Barbara Kay: Trump’s rhetoric didn’t cause this massacre

People pay their respects at a memorial to shooting victims outside the Tree of Life synagogue in Pittsburgh, Penn., on Oct. 29, 2018.

The Sabbath massacre in Pittsburgh’s Tree of Life synagogue was the deadliest attack on Jews in U.S. history, but it is not the first time Jews in the United States have been targeted for attack while at worship.

In 1960, a 16-year-old boy threw a bomb into a synagogue in Gladsden, Ala., but it didn’t explode. The would-be massacrist then shot and injured two people fleeing the building. Before that, in 1958, a bomb made of 54 dynamite sticks was thrown into the Temple Beth-El in Birmingham, Ala., and it, too, failed to explode. If it had, it could have killed hundreds.

Nobody remembers disasters that fail to happen. But these near-misses should remind us that evil walks among us at all times, not just “in the age of Trump,” a phrase one continually hears, and that some twisted minds, yearning for a unitary explanation that accounts for their own failures as well as all the other perceived problems in the world, fasten on The Jews.

They should also remind us that sporadic hate crimes, even horrific massacres, should not be blamed on an authority figure, however obnoxious, unless that leader actually embodies an inherently hateful ideology or political policy.

So yes, Kristallnacht could be blamed squarely on Hitler and the Nazi party, because racial purity and anti-Semitism were integral aspects of that platform, with violence condoned or encouraged. Terrorism in Europe and Israel can be blamed on Islamist groups, because hatred of Jews and Western culture is inherent to radical Islam, and because such groups proudly and publicly take credit for the carnage.

In North America, we can blame neo-Nazi groups and the social media they use for encouraging hatred of Jews, blacks and other minorities. Yet unlike many Islamism-inspired attacks, no organized white supremacist group praised Bowers or implied he acted on their behalf. Bowers was simply an extreme anti-Semite, churning day and night with ugly thoughts and barely contained impulses that finally burst their fragile bounds.

Trump is criticized for a tone that often promotes division among Americans for partisan ends. Fair enough. He’s also slammed for not repudiating these cretins unequivocally. But even if he had, what difference would that have made in this case? Bowers was contemptuous of Trump for his well-known Jewish connections and partiality to Israel. In one post on Gab.com, a site known for hate speech, Bowers wrote, “Trump is surrounded by k****”, “things will stay the course.” If he were inspired by Trump’s perceived indulgence of the alt-right, does it make sense that he would target people Trump identifies with? Would it not be more logical for him to target undocumented Latinos or Muslims, who have legitimate reasons to consider Trump hostile?

If you follow the “logic” that links the synagogue massacre to Trump, the same logic would have Justin Trudeau — widely perceived as hyper-sensitive to Muslim concerns — as the root cause for Alexandre Bissonnette’s rage erupting in the 2017 Quebec mosque massacre.

Are we going there? Some people might. Not me. Because then I would just as logically have to wonder if Obama was somehow to blame for the 2015 Charleston church massacre of nine black worshippers by white supremacist Dylann Roof, or consider the failed 1958 and 1960 synagogue bomb explosions somehow the fault of Dwight Eisenhower.

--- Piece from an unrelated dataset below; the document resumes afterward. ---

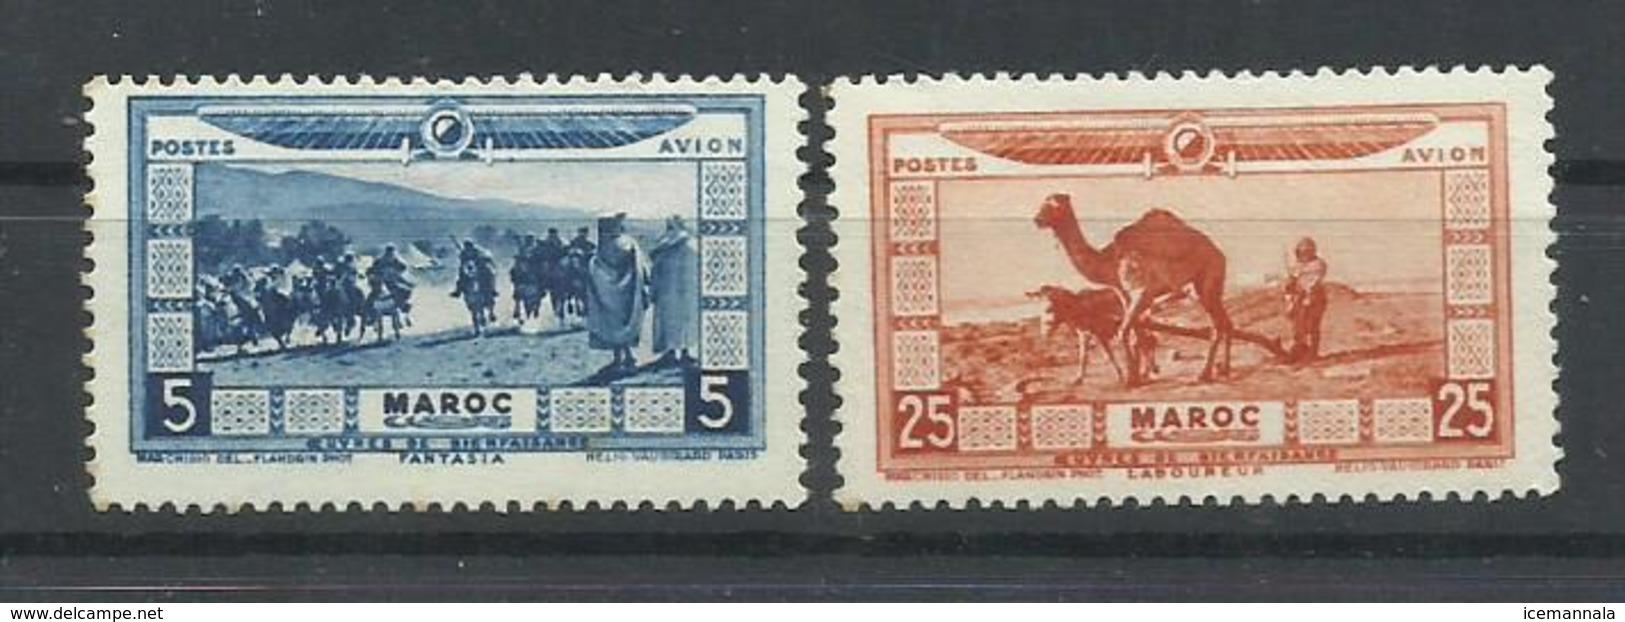 MARRUECOS YVERT AEREO   12/13  MH  * - Marruecos (1891-1956)

On Dec 6, 1989, lone wolf Marc Lepine massacred 14 women at Montreal’s École Polytechnique. He was not affiliated with any political movement, nor was he inspired by an ideological guru. Nobody blamed prime minister Brian Mulroney for the massacre, or the tense and divided political atmosphere around Meech Lake. Nor should they have. Lepine acted on the urgings of his personal demons.

But violence directed specifically against women was new and shocking. Swollen grief and anger demanded a vessel large enough to hold it all. Lepine was a lone wolf, but also a man. And feminists did place the blame for the massacre on what would soon be called the “toxic masculinity” inherent in all men. Society complied. That was morally wrong, and furthermore a great cultural mistake. The White Ribbon campaign the massacre inspired raised awareness around the issue of intimate partner violence, but the message was almost invariably linked to a demonization of men, which has encouraged mutual resentment and mistrust between the sexes.

All the individuals behind these attempted and successful acts of human slaughter are mysteries in the end. A divisive and volatile environment may further excite their dark passions, it is true. A national leader who is careless in his often divisive rhetoric does nothing to calm the social waters. But that’s a far cry from actually causing a massacre.

And so, when CNN asked Rabbi Jeffrey Myers if Trump would be welcome at the Tree of Life Synagogue, he wisely replied: “The President of the United States is always welcome. I am a citizen, he is my president. He is always welcome.” That was the right, that was the unifying, thing to say.